Another behavior to be aware of is that some callers will decode or encode URLs before passing them along to the target program. For historical reasons, Internet Explorer performs a single percent-decoding pass on the URL before calling ShellExecute; by default IE9 and IE10 still perform this decoding unless the protocol’s registry key contains a REG_DWORD named UseOriginalUrlEncoding with value 0x1. However, the Windows Shell’s Start > Run command performs no such decoding pass.
The following image shows the behavior in four different scenarios when invoking the URL alert:Escaped%22Quoted%22and"UnescapedQuoted" to launch a trivial program.
Detecting Installed Protocols
Web developers often ask if there’s some way to detect whether the client has a given protocol available. Generally, the answer is no, this isn’t possible. In IE, if a page attempts to navigate to a protocol which is not registered, the user will see the following notification page:
Opera and Safari show a similar page, while Firefox shows a modal error alert, and Chrome will simply fail the navigation. Only Firefox fires an OnError event when a navigation is attempted to an unregistered protocol.

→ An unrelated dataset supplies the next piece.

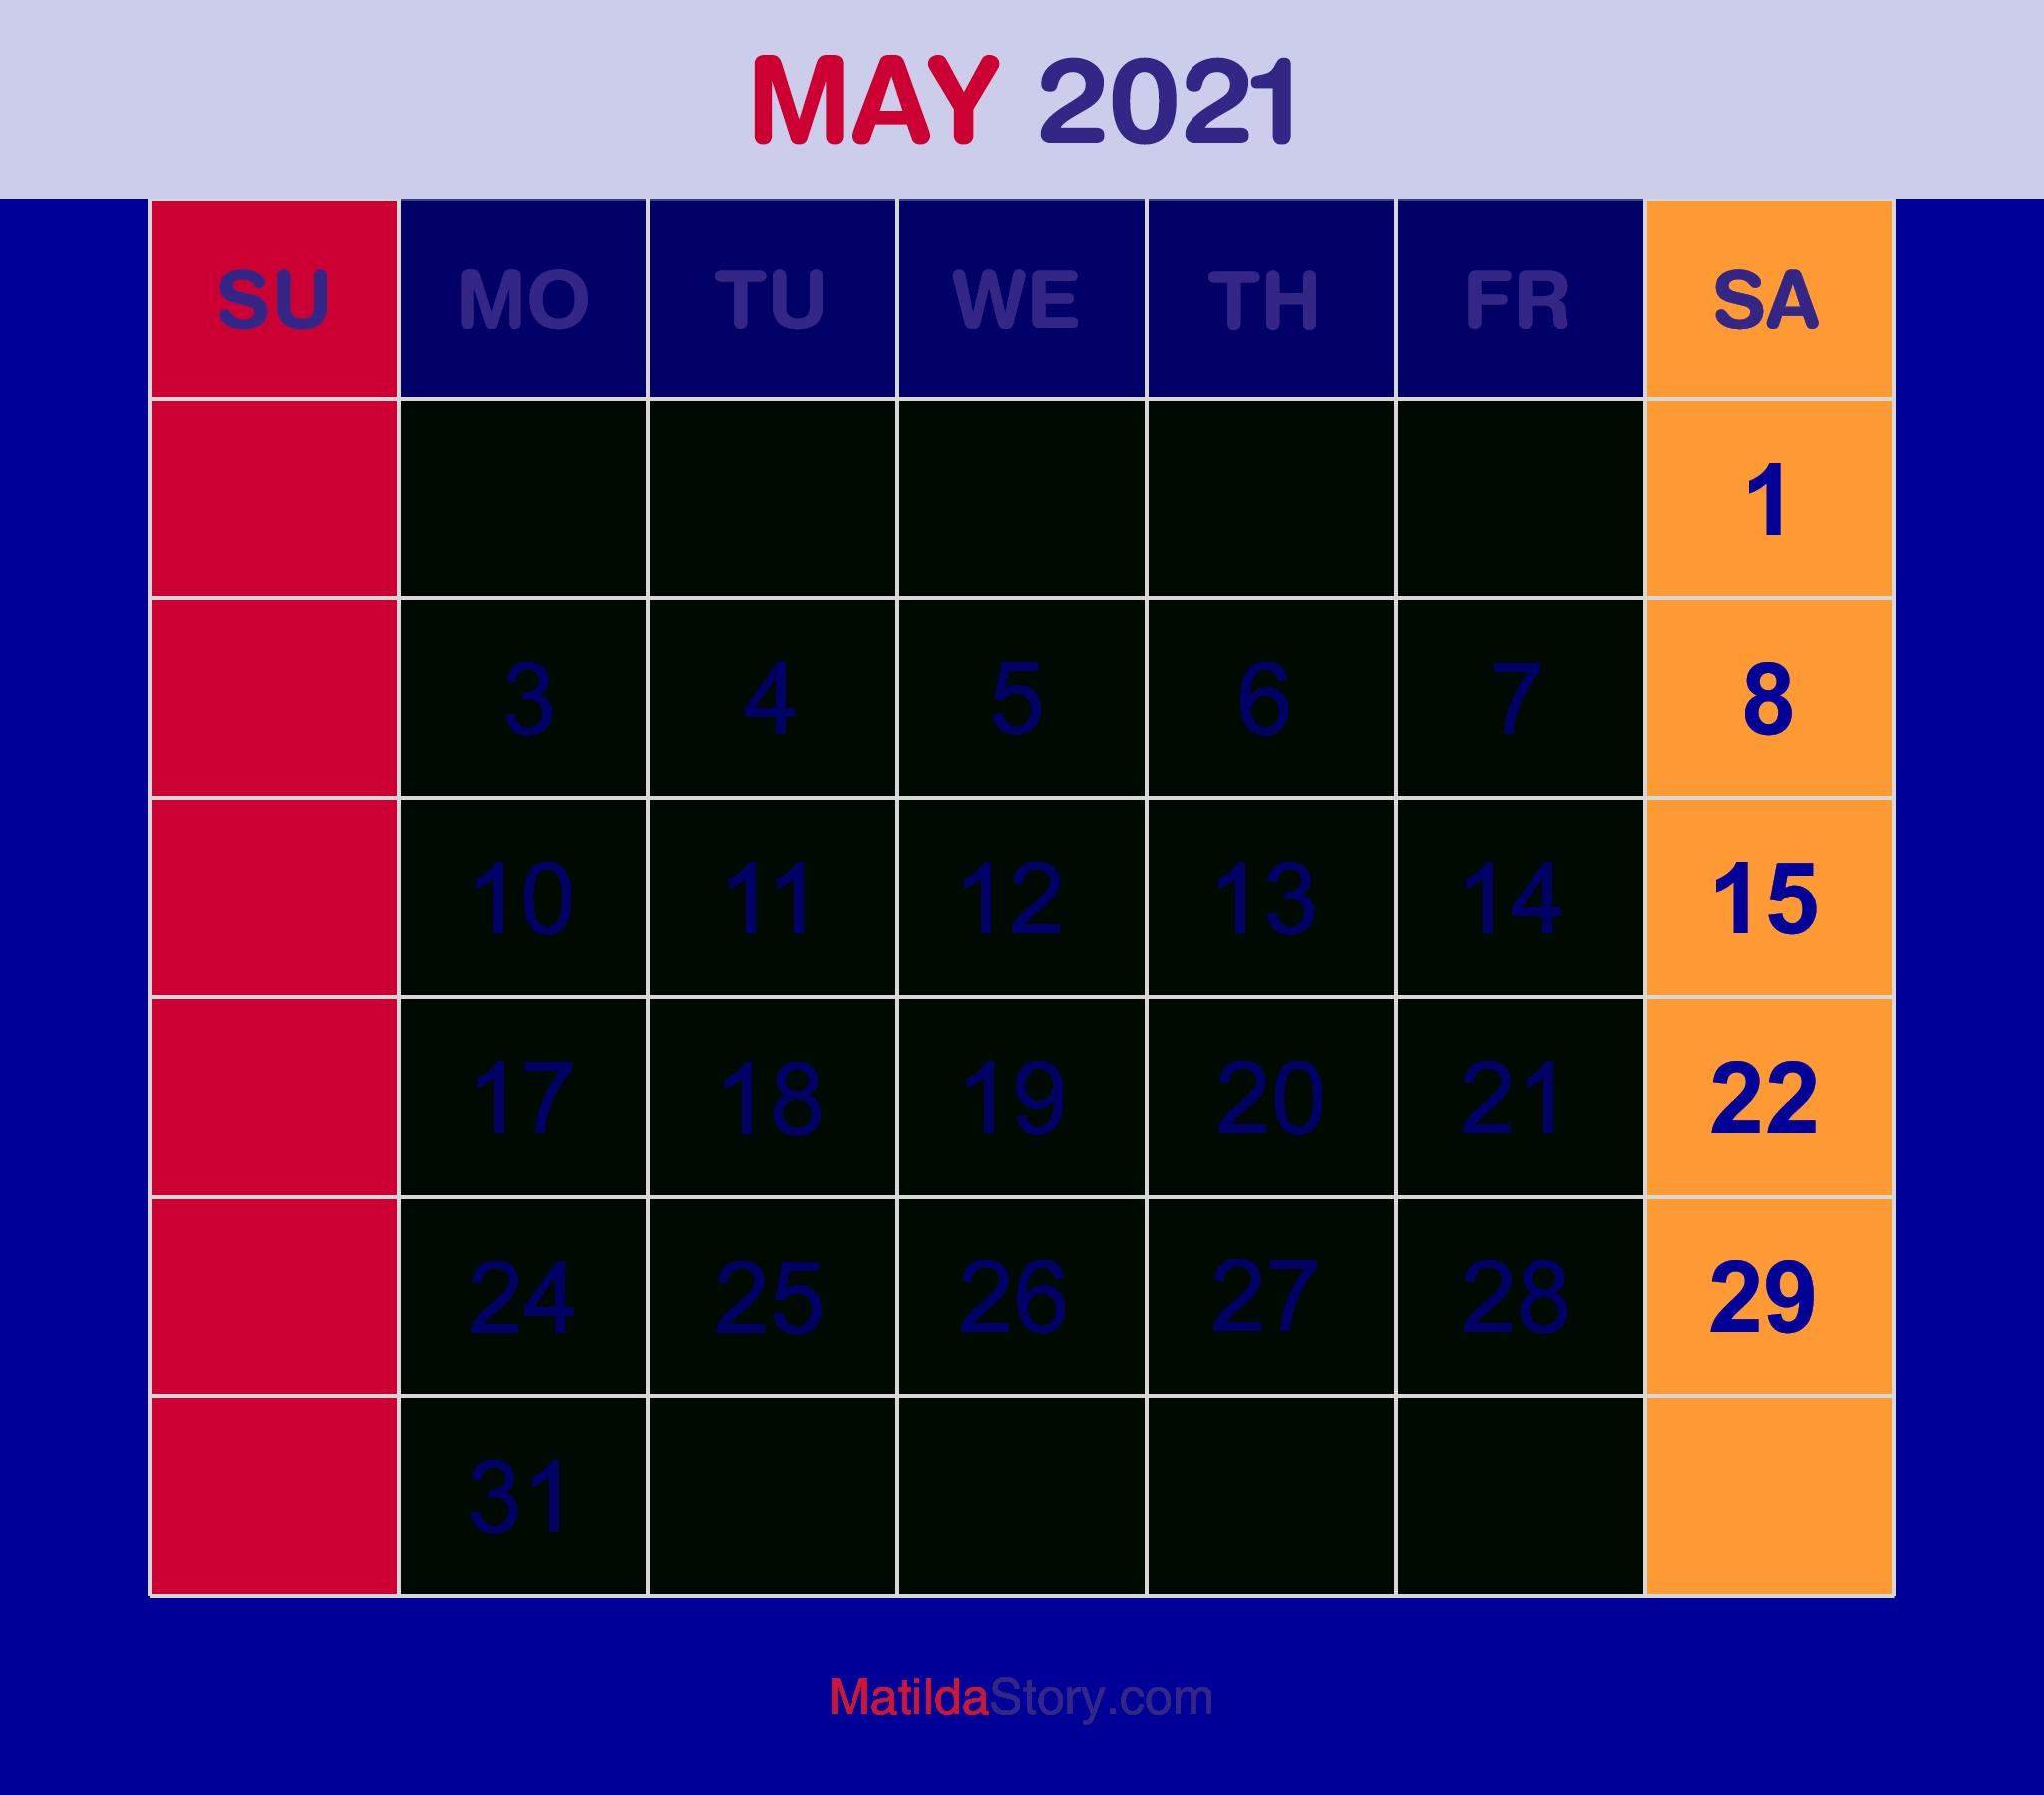 May 2021 Monthly Calendar, Monthly Planner, Printable Free - Sunday Start - Matildastory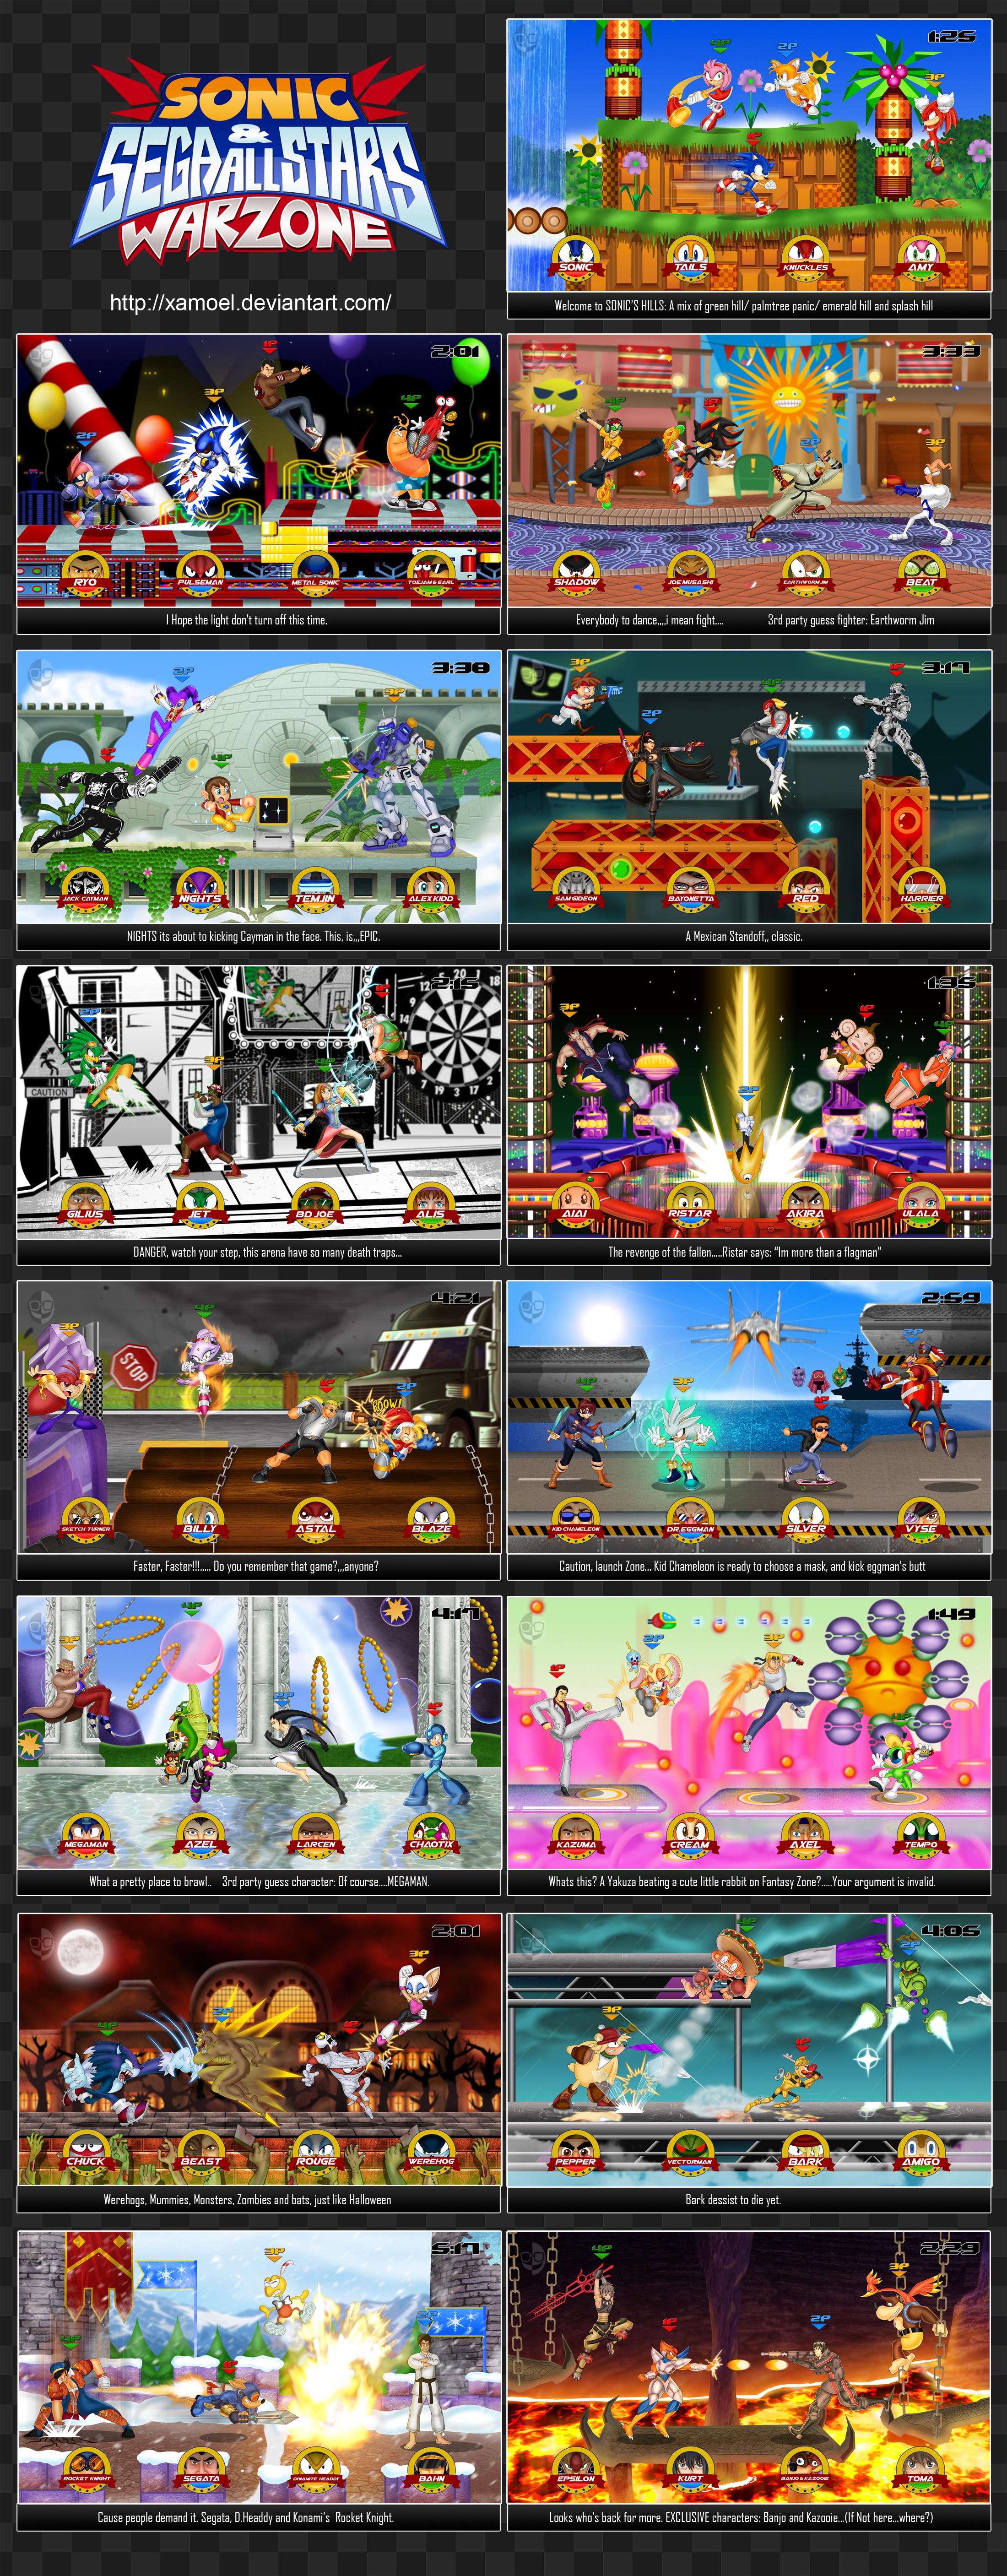 Sega All Stars fighting game? Sonic_and_sega_all_star_warzone_by_xamoel-d5ijzkq

Unfortunately, that means that there is no cross-browser, standardized method to detect whether the user’s browser can invoke a particular protocol. In the past, some setup programs would try to inject a token into the user’s User-Agent string or add a Version Vector (see the same article) that a web page can detect. Alternatively, some packages include both a protocol and and ActiveX control—the ActiveX control only exists to enable the web page to infer whether or not the Application Protocol is installed. All three of these methods have significant downsides, and none of the three approaches will work in non-IE browsers.
 Technically speaking, IE includes some special-case code for mailto that makes it behave a little differently than most Application Protocols. But it’s pretty close.